■ **What is needed**
An exact, complete copy of the entries is what is needed.

■ **Working data**
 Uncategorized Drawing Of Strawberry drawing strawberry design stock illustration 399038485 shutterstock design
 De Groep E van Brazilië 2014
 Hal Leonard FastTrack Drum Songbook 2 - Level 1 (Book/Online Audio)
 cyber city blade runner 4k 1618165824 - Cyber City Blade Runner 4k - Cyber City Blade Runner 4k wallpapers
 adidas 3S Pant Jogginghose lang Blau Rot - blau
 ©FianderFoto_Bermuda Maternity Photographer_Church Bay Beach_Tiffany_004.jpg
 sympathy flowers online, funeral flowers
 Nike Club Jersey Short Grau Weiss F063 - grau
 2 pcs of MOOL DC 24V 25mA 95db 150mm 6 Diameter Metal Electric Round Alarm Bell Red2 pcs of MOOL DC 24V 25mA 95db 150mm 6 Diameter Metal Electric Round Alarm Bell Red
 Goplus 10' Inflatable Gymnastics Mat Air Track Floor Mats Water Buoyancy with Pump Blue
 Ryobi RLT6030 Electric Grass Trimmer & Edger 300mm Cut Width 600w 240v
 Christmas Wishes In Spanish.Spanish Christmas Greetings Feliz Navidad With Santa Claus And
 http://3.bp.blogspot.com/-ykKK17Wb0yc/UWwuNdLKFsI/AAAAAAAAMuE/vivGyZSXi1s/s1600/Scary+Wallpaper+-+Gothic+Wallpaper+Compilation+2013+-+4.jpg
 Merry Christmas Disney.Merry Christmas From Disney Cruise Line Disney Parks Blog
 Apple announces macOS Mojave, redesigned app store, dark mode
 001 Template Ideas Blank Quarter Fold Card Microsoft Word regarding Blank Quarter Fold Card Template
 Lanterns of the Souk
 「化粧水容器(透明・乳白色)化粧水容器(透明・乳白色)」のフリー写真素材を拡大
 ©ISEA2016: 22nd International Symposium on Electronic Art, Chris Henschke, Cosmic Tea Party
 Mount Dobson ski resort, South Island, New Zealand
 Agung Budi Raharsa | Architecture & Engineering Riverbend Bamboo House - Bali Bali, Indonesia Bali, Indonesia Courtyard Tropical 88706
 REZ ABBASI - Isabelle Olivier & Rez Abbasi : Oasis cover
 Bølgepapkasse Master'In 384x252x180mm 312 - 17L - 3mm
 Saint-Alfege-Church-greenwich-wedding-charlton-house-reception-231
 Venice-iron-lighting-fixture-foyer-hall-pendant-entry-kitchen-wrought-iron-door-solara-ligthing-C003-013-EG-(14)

■ **Response to the exercise**
 Uncategorized Drawing Of Strawberry drawing strawberry design stock illustration 399038485 shutterstock design
 De Groep E van Brazilië 2014
 Hal Leonard FastTrack Drum Songbook 2 - Level 1 (Book/Online Audio)
 cyber city blade runner 4k 1618165824 - Cyber City Blade Runner 4k - Cyber City Blade Runner 4k wallpapers
 adidas 3S Pant Jogginghose lang Blau Rot - blau
 ©FianderFoto_Bermuda Maternity Photographer_Church Bay Beach_Tiffany_004.jpg
 sympathy flowers online, funeral flowers
 Nike Club Jersey Short Grau Weiss F063 - grau
 2 pcs of MOOL DC 24V 25mA 95db 150mm 6 Diameter Metal Electric Round Alarm Bell Red2 pcs of MOOL DC 24V 25mA 95db 150mm 6 Diameter Metal Electric Round Alarm Bell Red
 Goplus 10' Inflatable Gymnastics Mat Air Track Floor Mats Water Buoyancy with Pump Blue
 Ryobi RLT6030 Electric Grass Trimmer & Edger 300mm Cut Width 600w 240v
 Christmas Wishes In Spanish.Spanish Christmas Greetings Feliz Navidad With Santa Claus And
 http://3.bp.blogspot.com/-ykKK17Wb0yc/UWwuNdLKFsI/AAAAAAAAMuE/vivGyZSXi1s/s1600/Scary+Wallpaper+-+Gothic+Wallpaper+Compilation+2013+-+4.jpg
 Merry Christmas Disney.Merry Christmas From Disney Cruise Line Disney Parks Blog
 Apple announces macOS Mojave, redesigned app store, dark mode
 001 Template Ideas Blank Quarter Fold Card Microsoft Word regarding Blank Quarter Fold Card Template
 Lanterns of the Souk
 「化粧水容器(透明・乳白色)化粧水容器(透明・乳白色)」のフリー写真素材を拡大
 ©ISEA2016: 22nd International Symposium on Electronic Art, Chris Henschke, Cosmic Tea Party
 Mount Dobson ski resort, South Island, New Zealand
 Agung Budi Raharsa | Architecture & Engineering Riverbend Bamboo House - Bali Bali, Indonesia Bali, Indonesia Courtyard Tropical 88706
 REZ ABBASI - Isabelle Olivier & Rez Abbasi : Oasis cover
 Bølgepapkasse Master'In 384x252x180mm 312 - 17L - 3mm
 Saint-Alfege-Church-greenwich-wedding-charlton-house-reception-231
 Venice-iron-lighting-fixture-foyer-hall-pendant-entry-kitchen-wrought-iron-door-solara-ligthing-C003-013-EG-(14)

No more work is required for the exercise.